Firstly, it may be easier to reread than to use deictic pointers when WM load is high. Comprehending a long, complex sentence—the kind of sentence on which readers are likely to regress—loads WM. Droll and Hayhoe (2007) measured eye movements during a sorting task and found that when WM load was high, participants tended to switch from holding the positions of bricks in WM to repeatedly seeking them with eye movements. Irwin and Zelinsky (2002) found that their participants could remember the locations of only three to five objects in WM; reading a sentence typically requires many more fixations than this, so perhaps it is not surprising that readers prefer to reread information, rather than using a memory-based strategy, for ambiguity resolution.

Secondly, it may be that readers cannot use deictic pointers because fixating the previously fixated word overwrites the word information held in memory.Footnote 2 This would make it impossible to use deictic pointers, even if readers wanted to. We know that processing fixated words can be all but unavoidable in some situations (MacLeod, 1991). Indeed, eye movements to blank space are used strategically to avoid automatically processing information: When answering questions, participants often avoid their questioner’s gaze, especially when the questions are difficult (Glenberg, Schroeder, & Robertson, 1998). This apparently prevents cognitive overload that might result from fixating the questioner’s face and searching for the answer at the same time (Doherty-Sneddon & Phelps, 2005). When reading, any regression will fixate text, and it may be very difficult for the participant to avoid rereading the fixated word.
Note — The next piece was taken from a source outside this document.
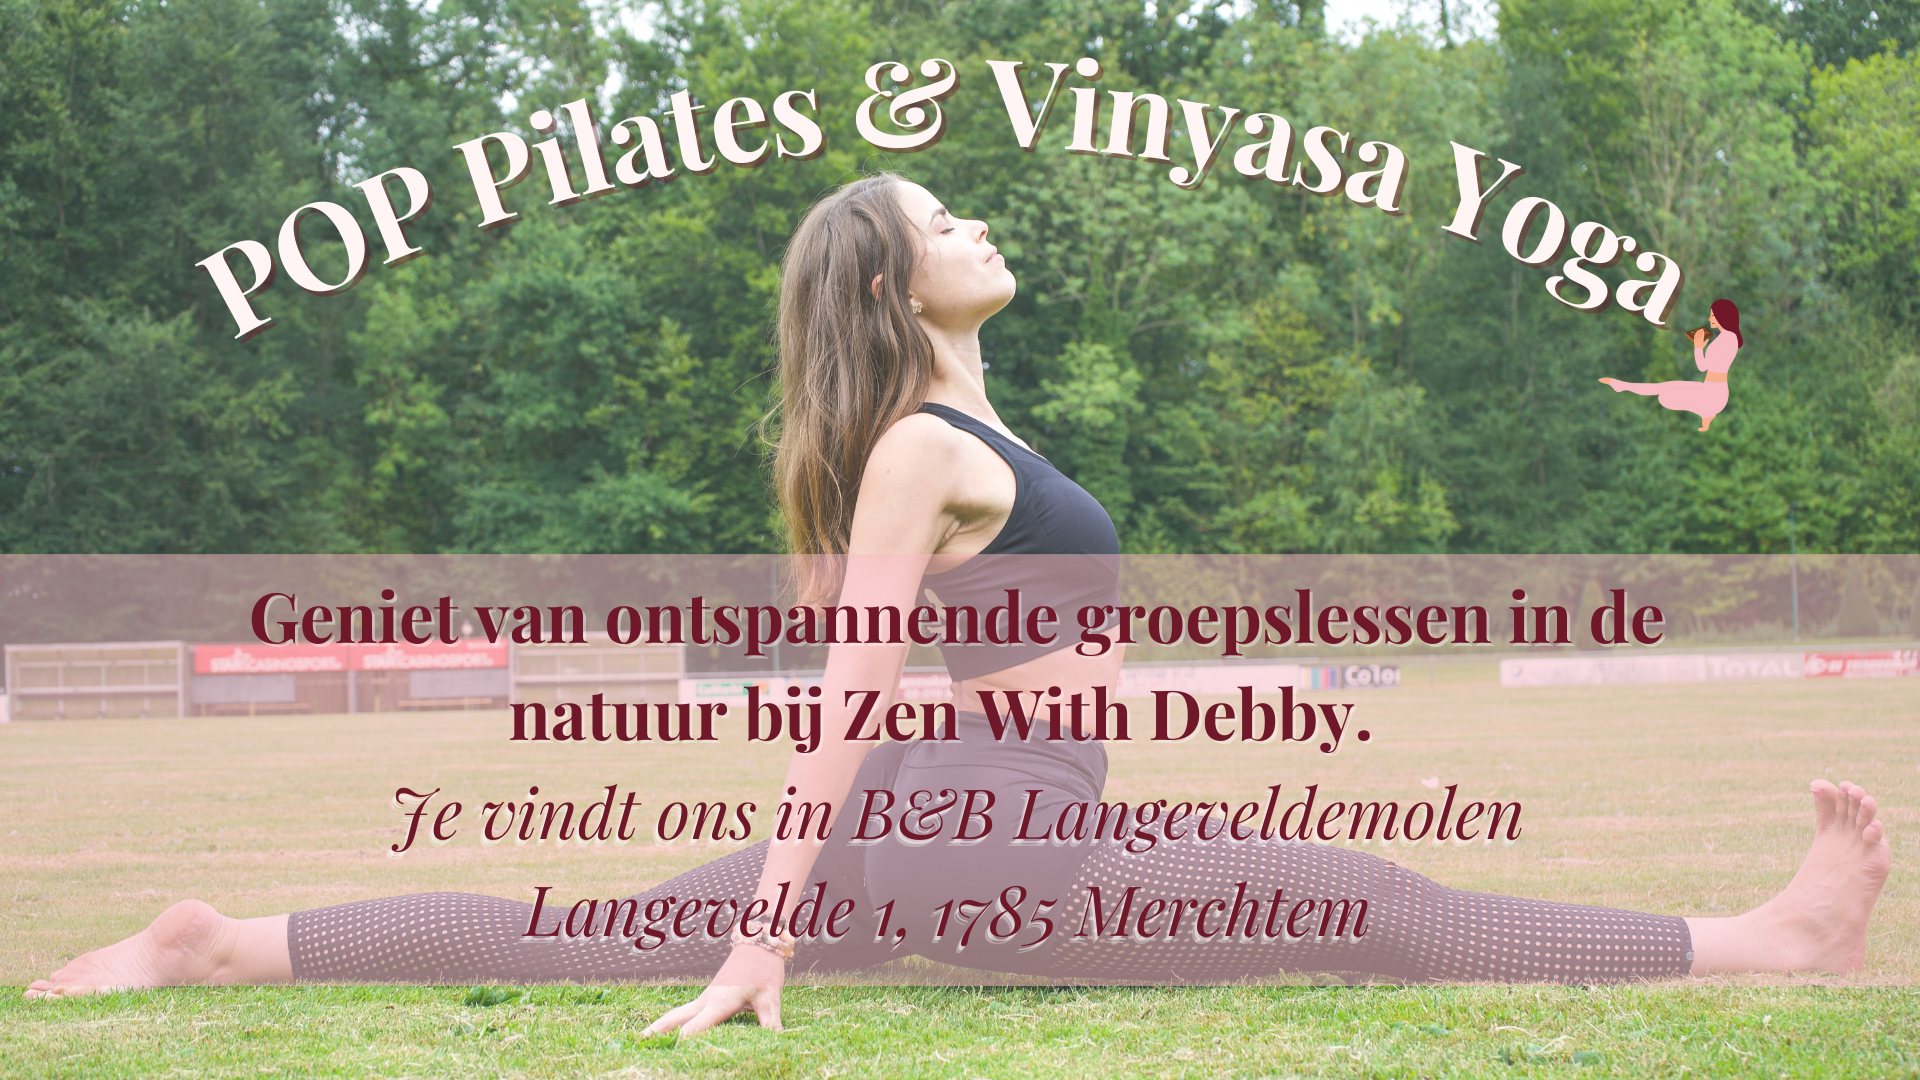 Yoga en POP Pilates bij Langeveldemolen (B&B) in Merchtem

The third, and possibly most likely, explanation is that in normal reading, the word to which the reader regresses always remains available; readers need not learn to use deictic pointers, since this gives little advantage over active rereading. Perhaps future generations of readers, with more experience of reading scrollable text on small screens, may be more inclined to use deictic pointers, as in this situation rereading is often impossible, yet the memory for where a word previously appeared would be unaffected by scrolling. Future research must elucidate the tasks for which deictic pointers could aid performance, and under what circumstances they could facilitate reading.

The present results leave us more certain about the function of longer-range regressions. However, note that, as demonstrated by Vitu and McConkie (2000), the majority of regressions fixate the word immediately to the left of the preregression fixation; about a quarter of regressions fixate an earlier portion of the same word (Rayner & Pollatsek, 1989). The motivation for such short-range regressions may differ from that of the longer-range regressions studied here, perhaps by relying more heavily on deictic pointers; alternatively, immediate perceptual or semantic processes may be the dominant factor. Future research must clarify such differences.